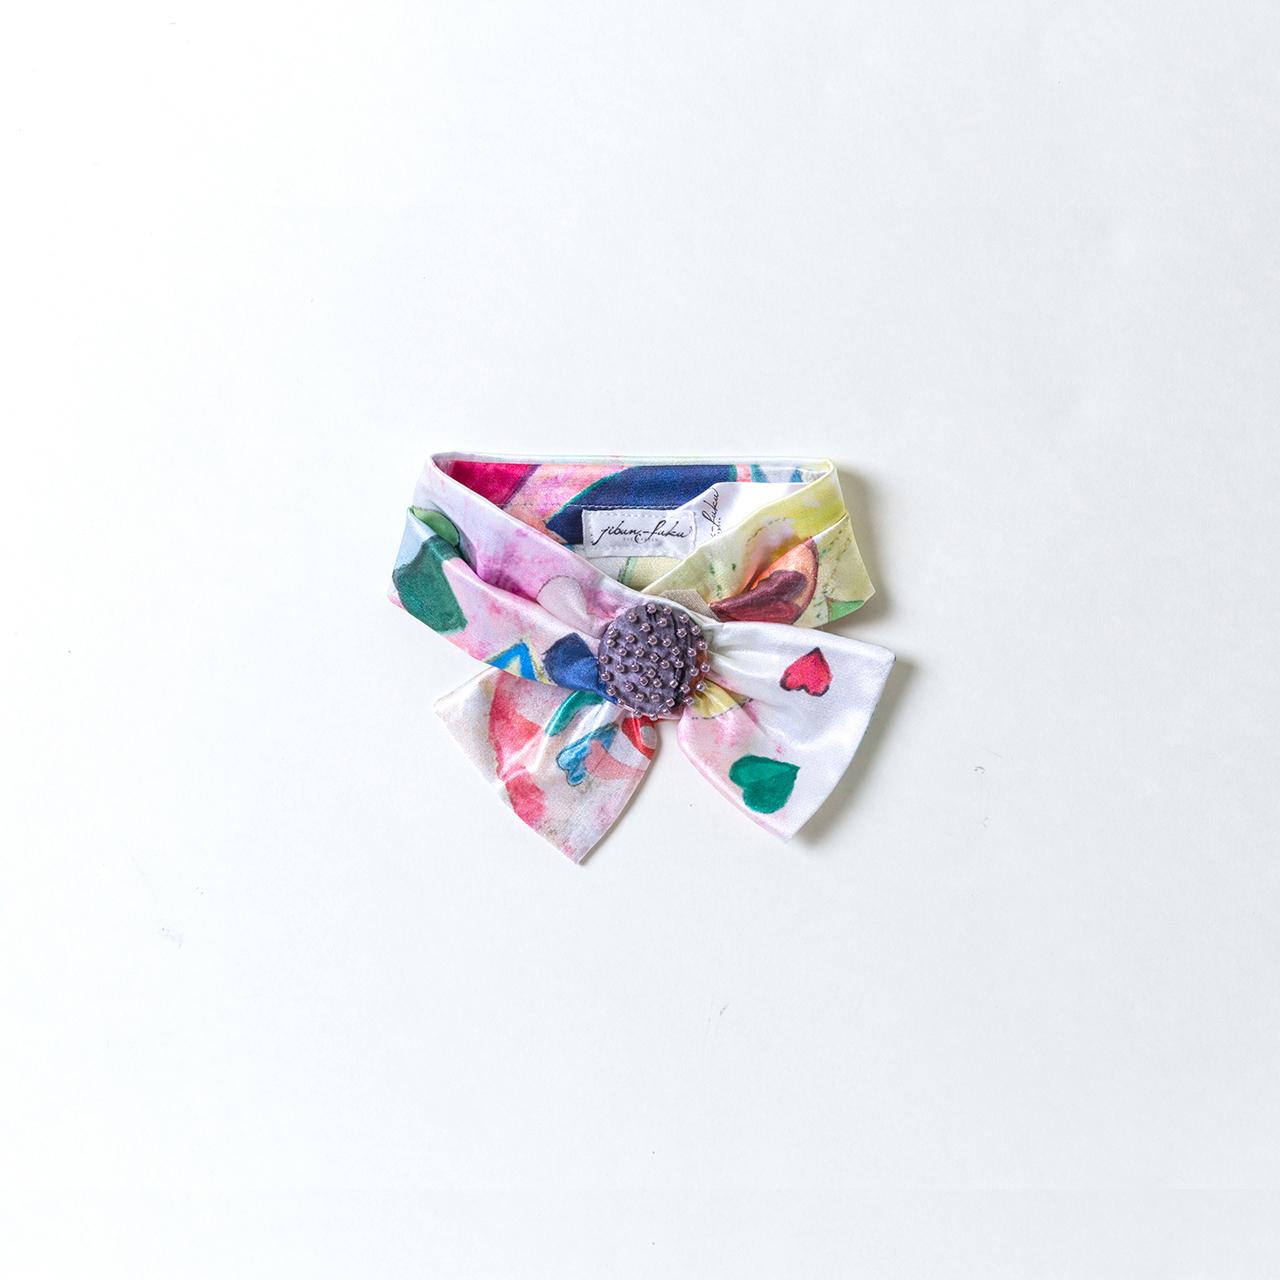 jibun-fuku DOG 【リボンカラーbeads】 DOGRB201855
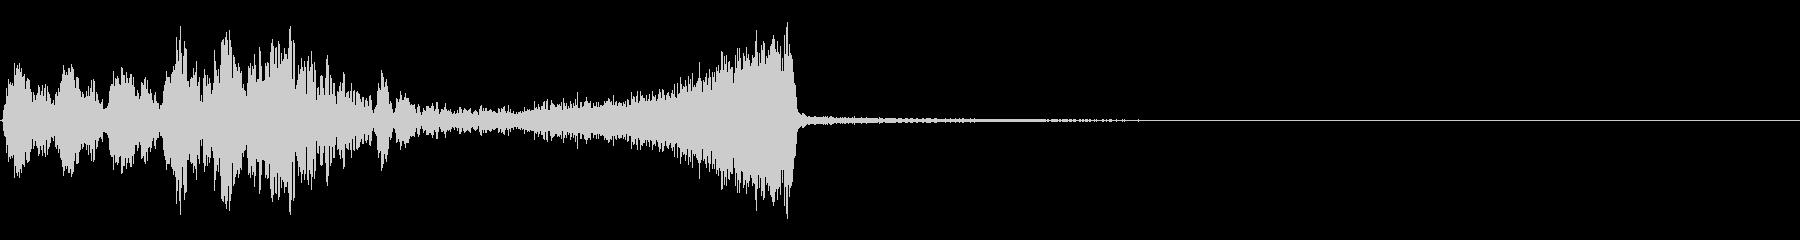 SynthHit EC03_14_3の未再生の波形
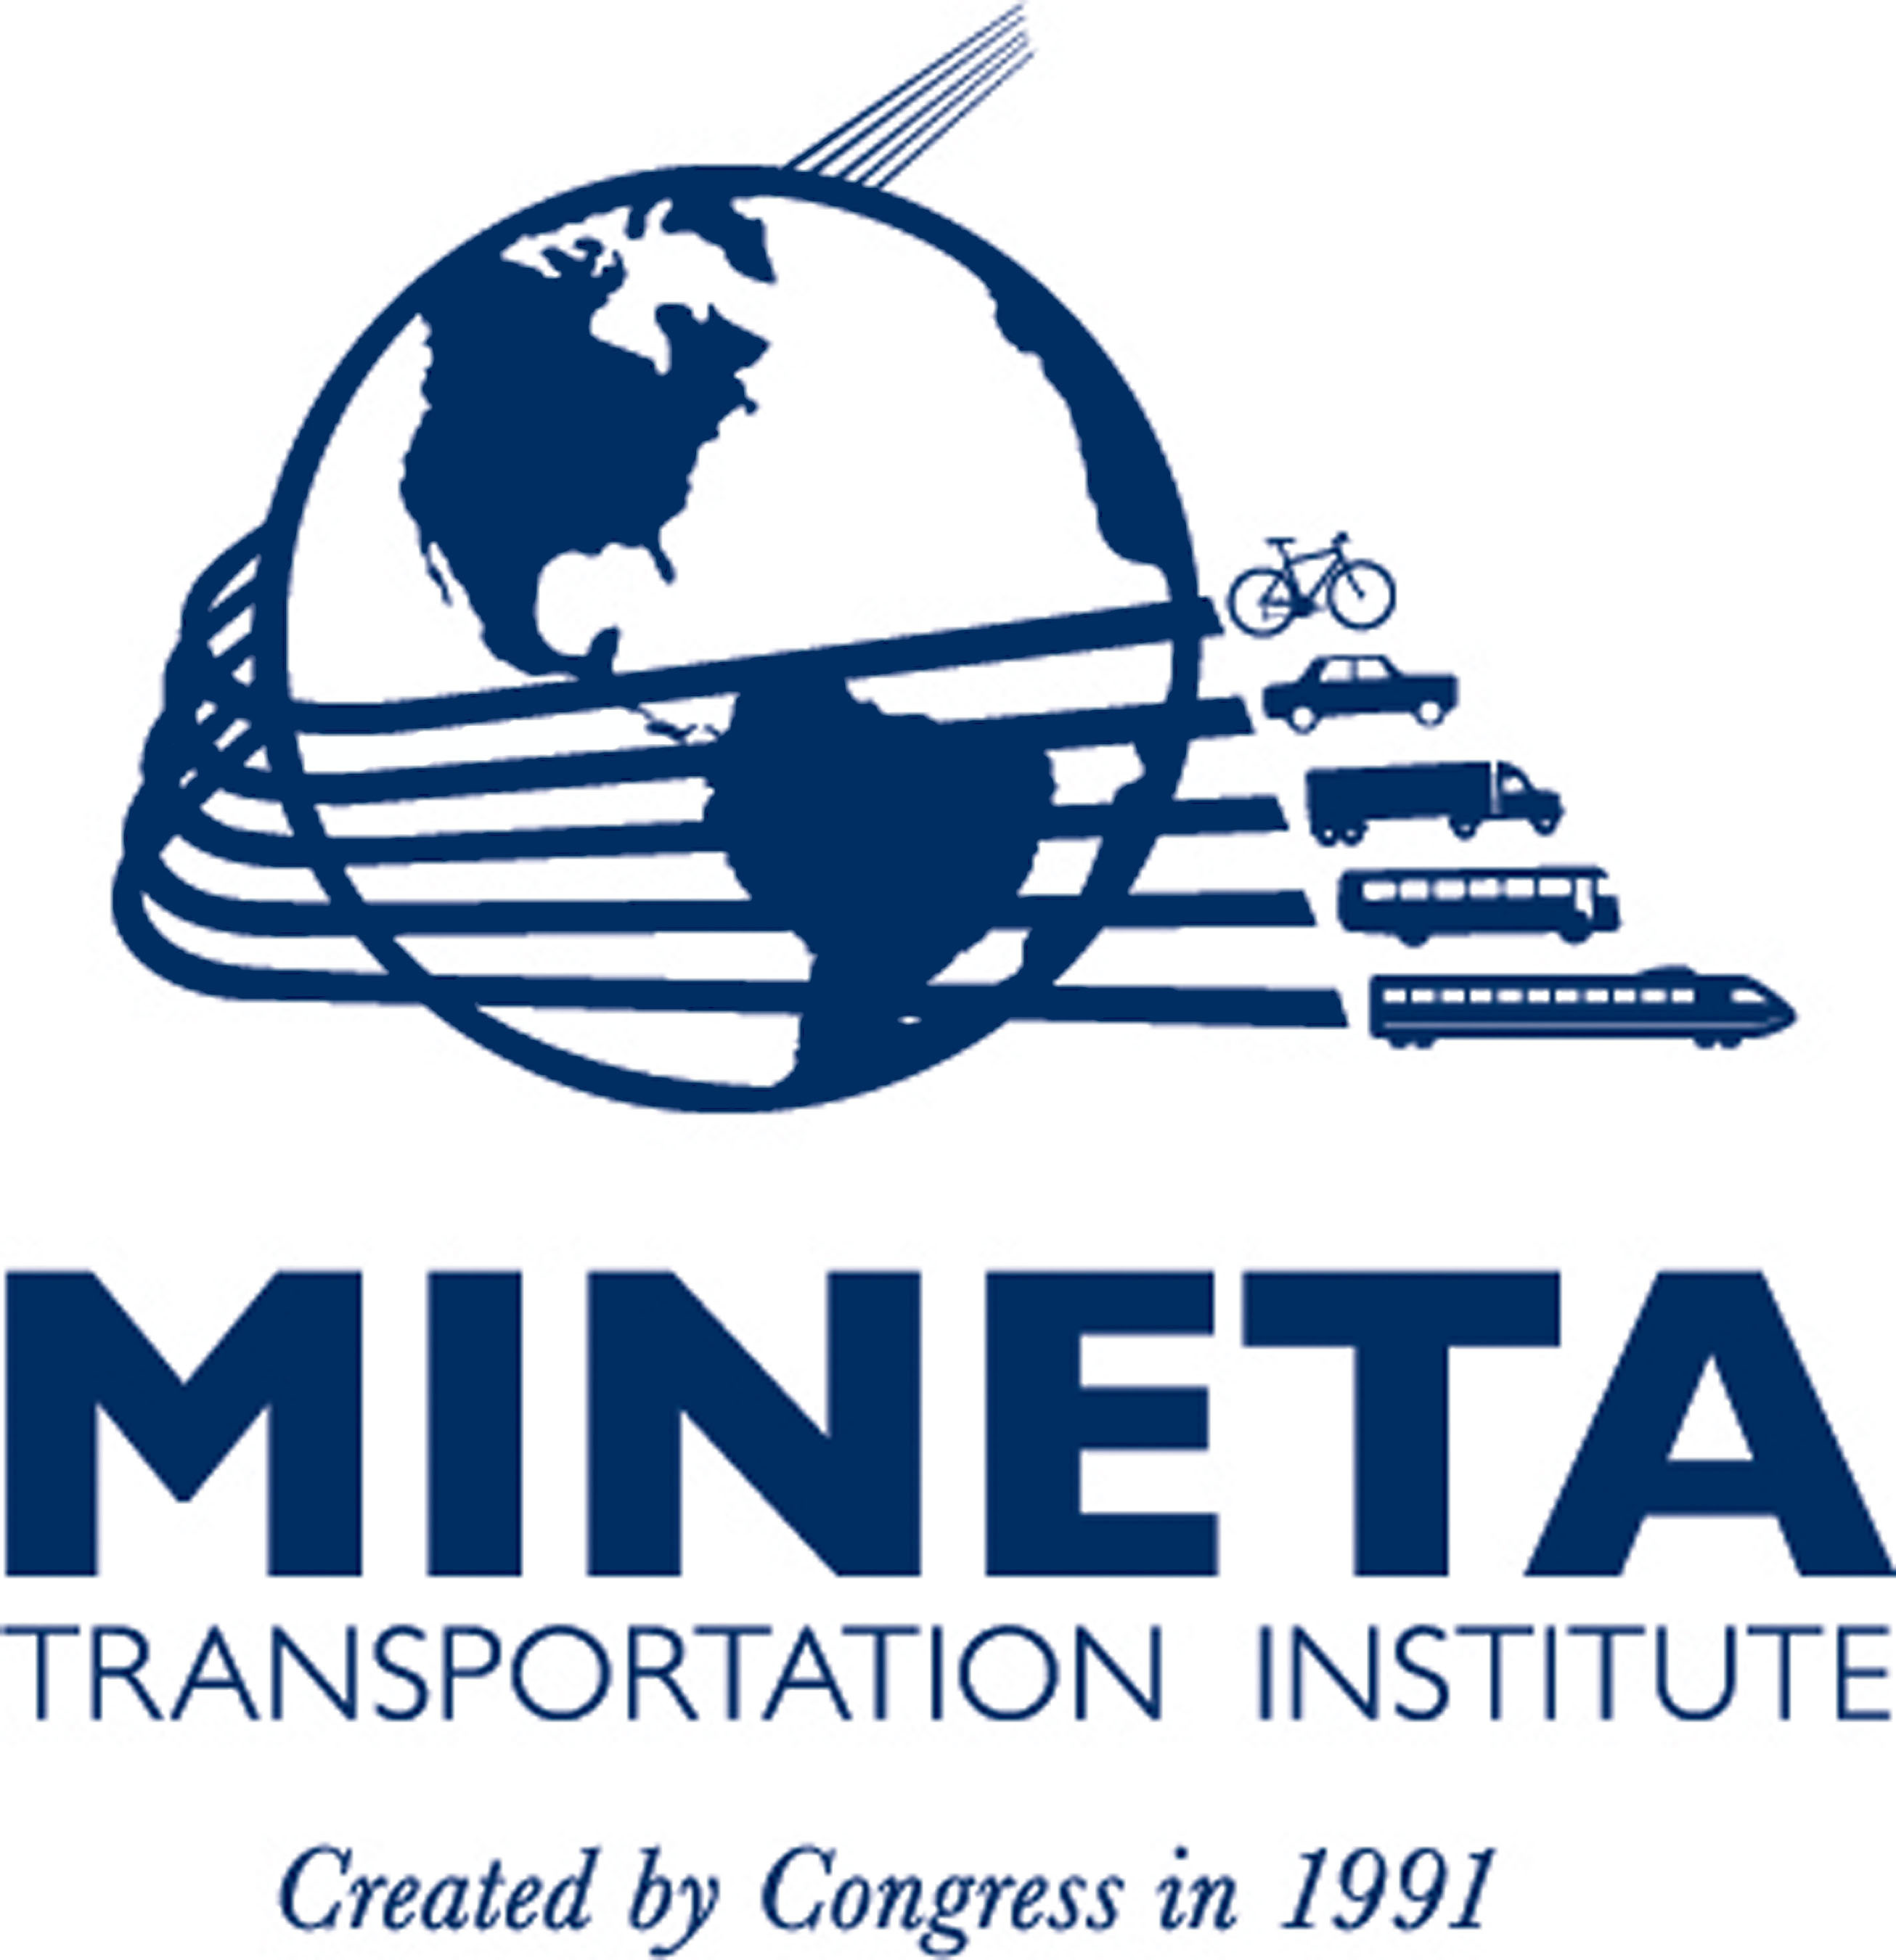 Mineta Transportation Institute.

—————

▶ **DIRECTIONS FOR THIS TASK**
Exclude the images, then output the data above word for word.

▶ **EXERCISE SOLUTION**
 jibun-fuku DOG 【リボンカラーbeads】 DOGRB201855
 SynthHit EC03_14_3の未再生の波形
 Mineta Transportation Institute.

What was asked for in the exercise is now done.